如何在linux中查看Hive orc文件的内容
声明:本页面是StackOverFlow热门问题的中英对照翻译,遵循CC BY-SA 4.0协议,如果您需要使用它,必须同样遵循CC BY-SA许可,注明原文地址和作者信息,同时你必须将它归于原作者(不是我):StackOverFlow
原文地址: http://stackoverflow.com/questions/20847024/
Warning: these are provided under cc-by-sa 4.0 license. You are free to use/share it, But you must attribute it to the original authors (not me):
StackOverFlow
How to see contents of Hive orc files in linux
提问by viper
Is there a way to see the contents of an orc file that hive 0.11 and above use. I usually cat gz files and decompress them to see the contents eg: cat part-0000.gz | pigz -d | more Note: pigz is a parallel gz program.
有没有办法查看 hive 0.11 及更高版本使用的 orc 文件的内容。我通常是 cat gz 文件并解压它们以查看内容,例如: cat part-0000.gz | 猪-d | 更多注意:pigz 是一个并行的 gz 程序。
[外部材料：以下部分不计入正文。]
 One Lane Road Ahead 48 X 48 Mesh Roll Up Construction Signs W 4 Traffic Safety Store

I would like to know if there is something similar to this for orc files.
我想知道兽人文件是否有类似的东西。
采纳答案by geekyj
Updated answer in year 2020:
2020 年更新答案:
Per @Owen's answer, ORC has grown up and maturedas it's own Apache project. A completed list of ORC Adoptersshows how prevalent it is now supported across many varieties of Big Data technologies.
根据@Owen 的回答,ORC作为自己的Apache 项目已经成长和成熟。ORC 采用者的完整列表显示了它现在在多种大数据技术中的支持程度。
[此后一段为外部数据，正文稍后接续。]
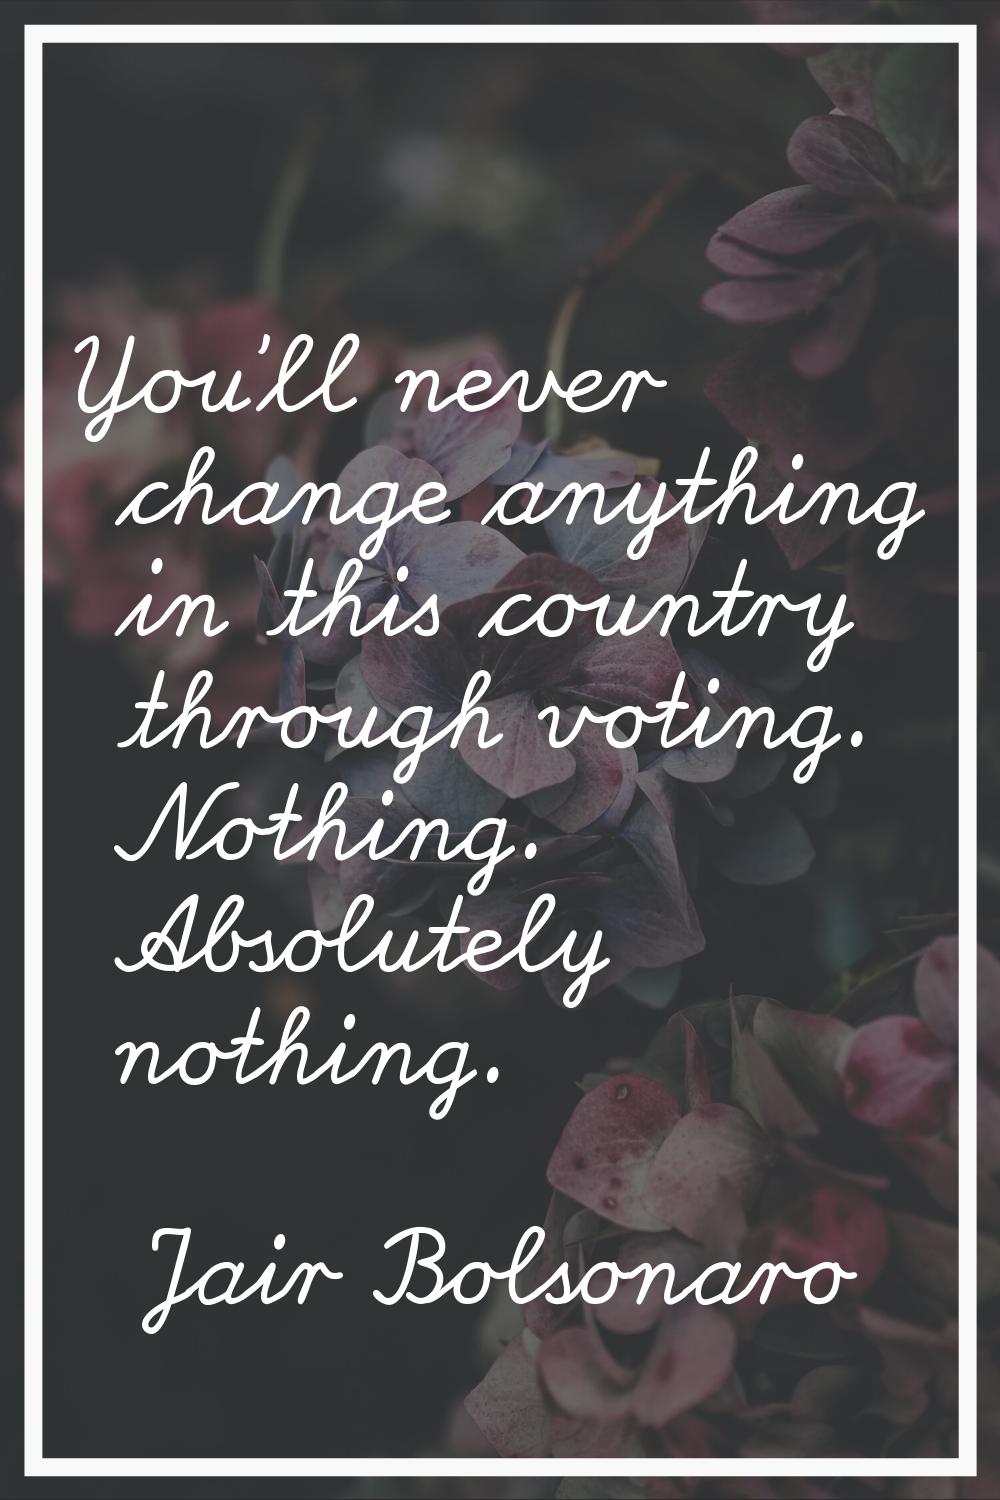 You'll never change anything in this country through voting. Nothing. Absolutely nothing.

Credit to @Owen and the ORC Apache project team, ORC's project site has a fully maintained up-to-date documentation on using either the Javaor C++stand alone tool on ORC file stored on a Linux local file system. Which carried on the torch for the original Hive+ORC Apache wiki page.
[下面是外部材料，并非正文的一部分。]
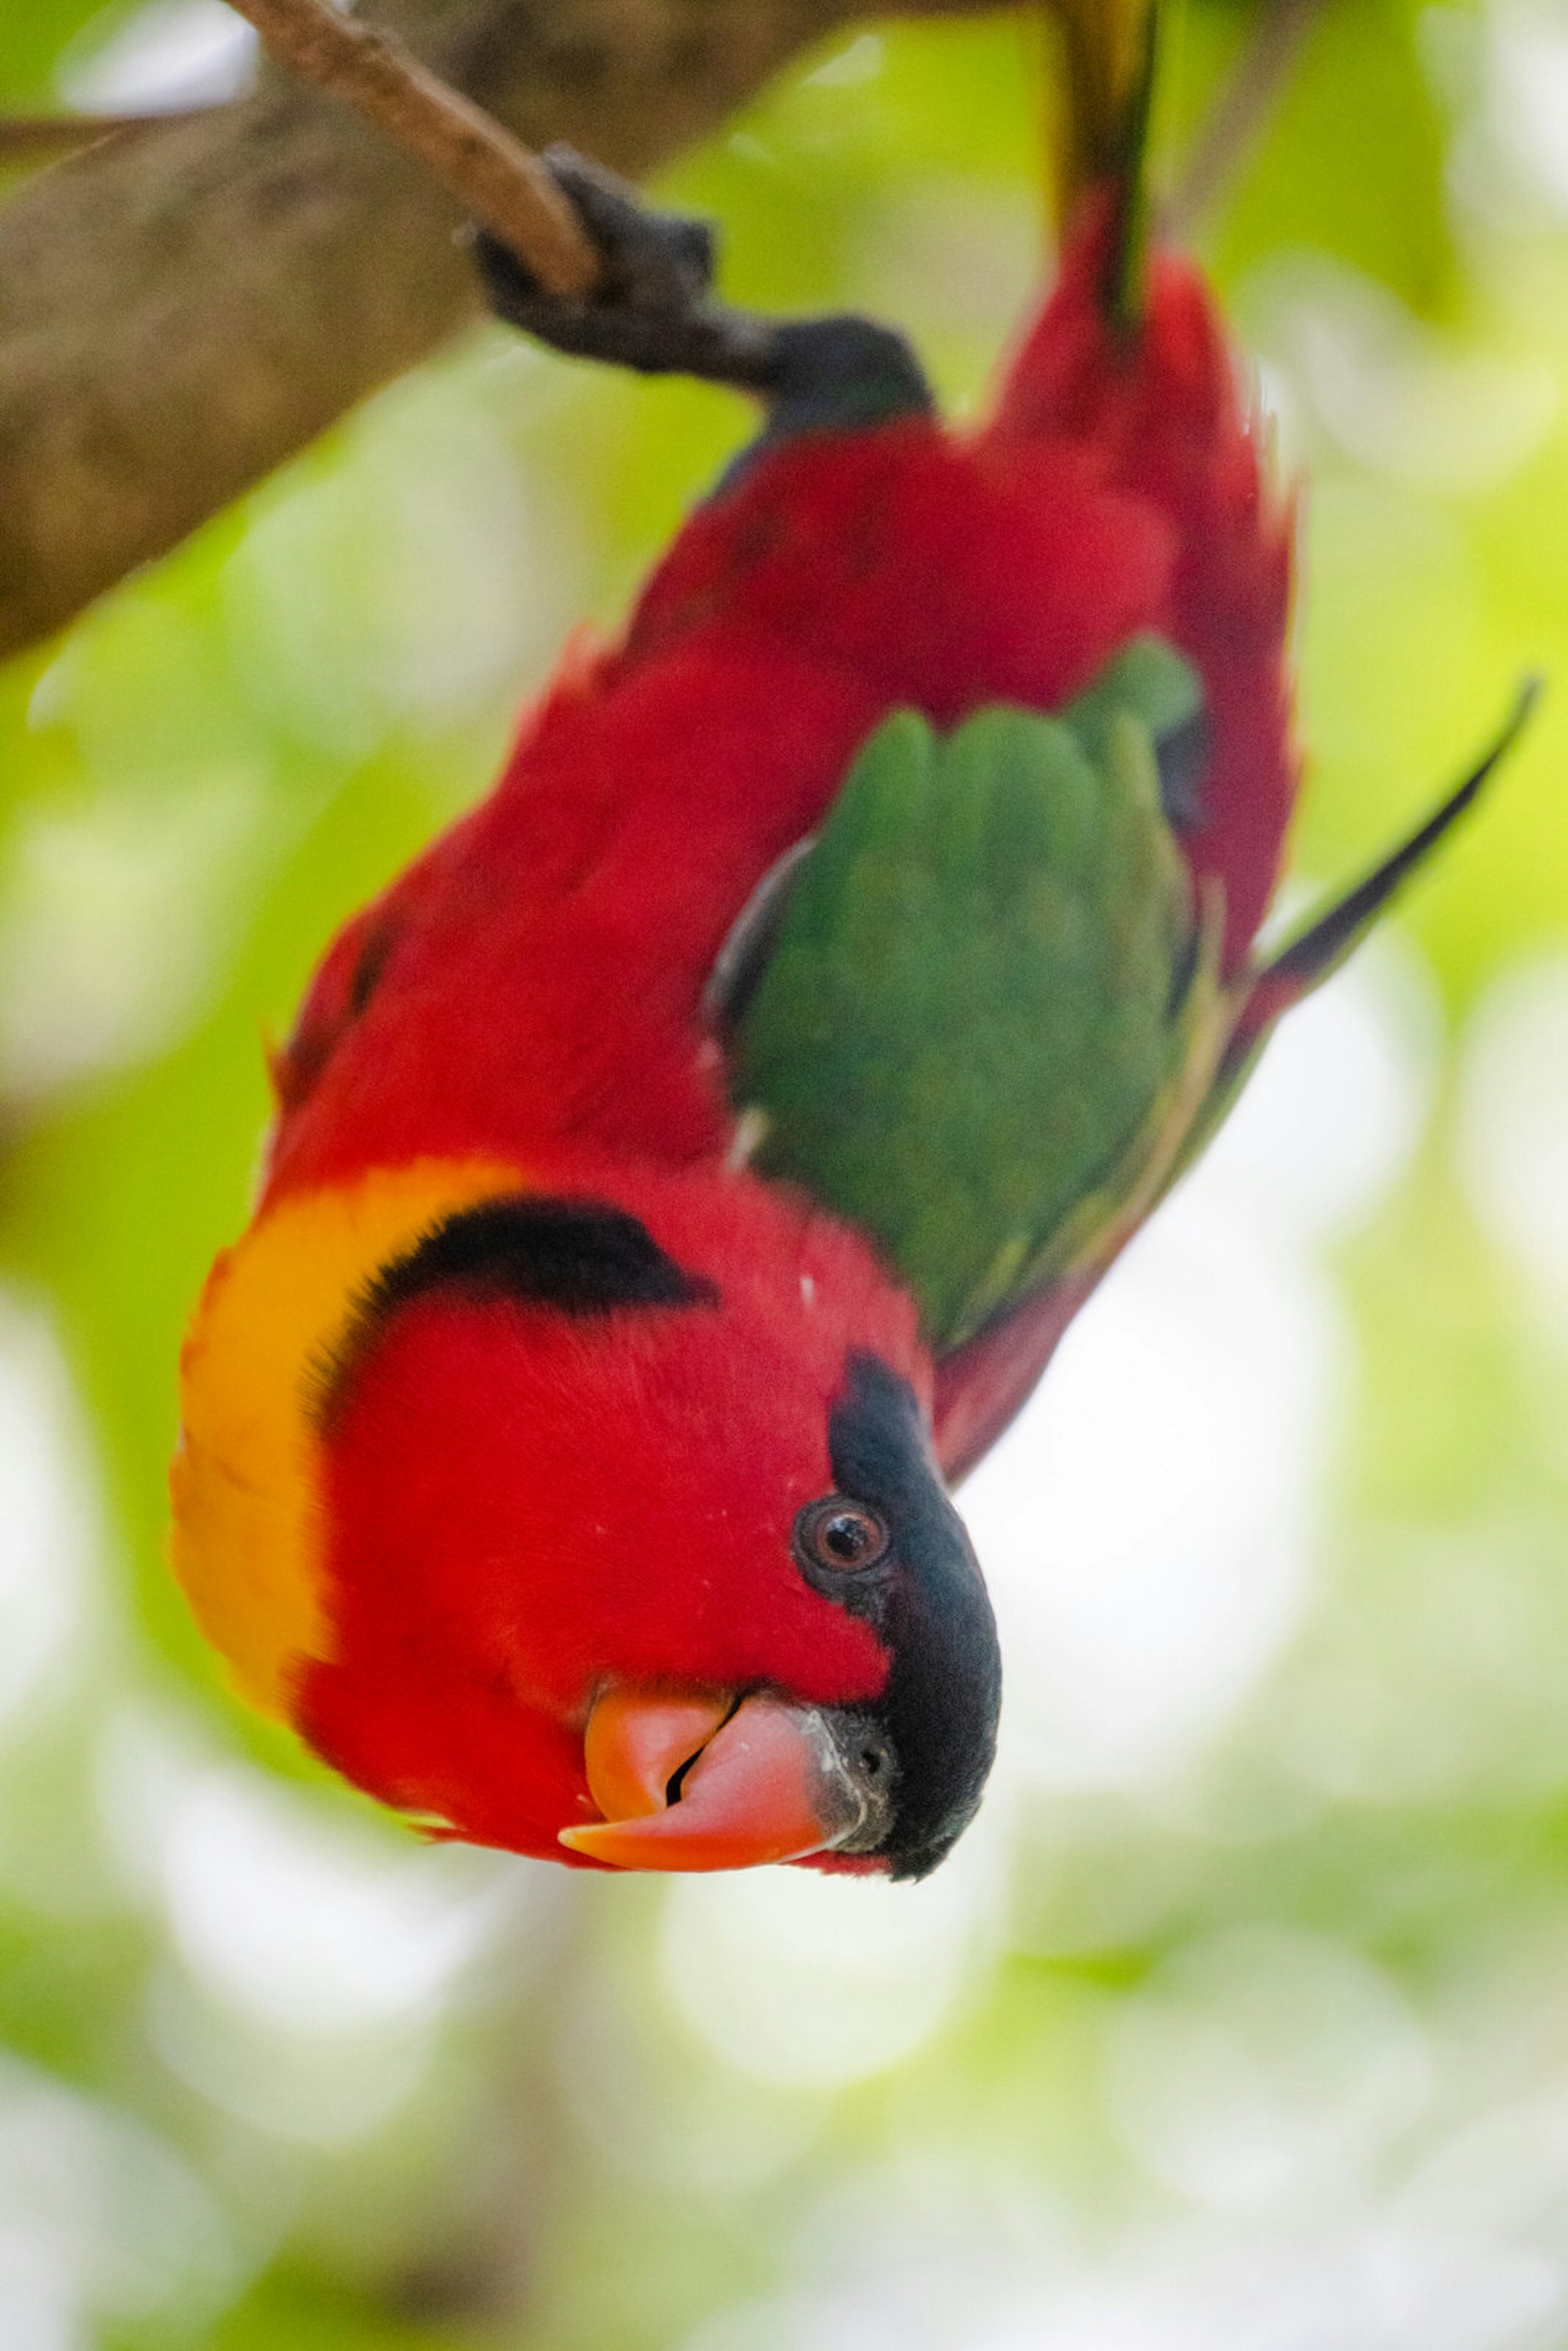 A colourful parrot hangs upside down from a tree branch, peering into the camera lens. The parrot's head is black and red, it has a yellow breast and green and red body.

感谢@Owen 和 ORC Apache 项目团队,ORC 的项目站点有一份完整维护的最新文档,内容涉及在 Linux 本地文件系统上存储的 ORC 文件上使用Java或C++独立工具。它为原始 Hive+ORC Apache wiki页面提供了火炬。
Original answer dated: May 30 '14 at 16:27
原始答案日期: May 30 '14 at 16:27
The ORC file dump utility comes with hive (0.11 or higher):
hive --orcfiledump <hdfs-location-of-orc-file>
ORC 文件转储实用程序随 hive(0.11 或更高版本)一起提供:
hive --orcfiledump <hdfs-location-of-orc-file>
回答by Owen O'Malley
There is now also a native executable for Linux and MacOS that prints the contents of the orc file in JSON. See the ORC project (http://orc.apache.org/) and build the C++ tools.
现在还有一个适用于 Linux 和 MacOS 的本机可执行文件,可以以 JSON 格式打印 orc 文件的内容。请参阅 ORC 项目 ( http://orc.apache.org/) 并构建 C++ 工具。
% orc-contents examples/TestOrcFile.test1.orc
There is also a native metadata tool:
还有一个原生元数据工具:
% orc-metadata ../examples/TestOrcFile.test1.orc
The ORC project also has a standalone uber jar that can do the same from Java.
ORC 项目还有一个独立的 uber jar,可以从 Java 执行相同的操作。
% java -jar orc-tools-1.2.3-uber.jar data myfile.orc
回答by Eugene
It's also capable to see the contents of a ORC file by desktop application running on Linux.
它还能够通过在 Linux 上运行的桌面应用程序查看 ORC 文件的内容。
There is a desktop application to view Parquetand also other binary format data like ORCand AVRO. It's pure Java application so that can be run at Linux, Mac and also Windows. Please check Bigdata File Viewerfor details.
有一个桌面应用程序可以查看Parquet以及其他二进制格式的数据,如ORC和AVRO。它是纯 Java 应用程序,因此可以在 Linux、Mac 和 Windows 上运行。详情请查看大数据文件查看器。
It supports complex data type like array, map, struct, etc.
它支持复杂的数据类型,如数组、映射、结构等。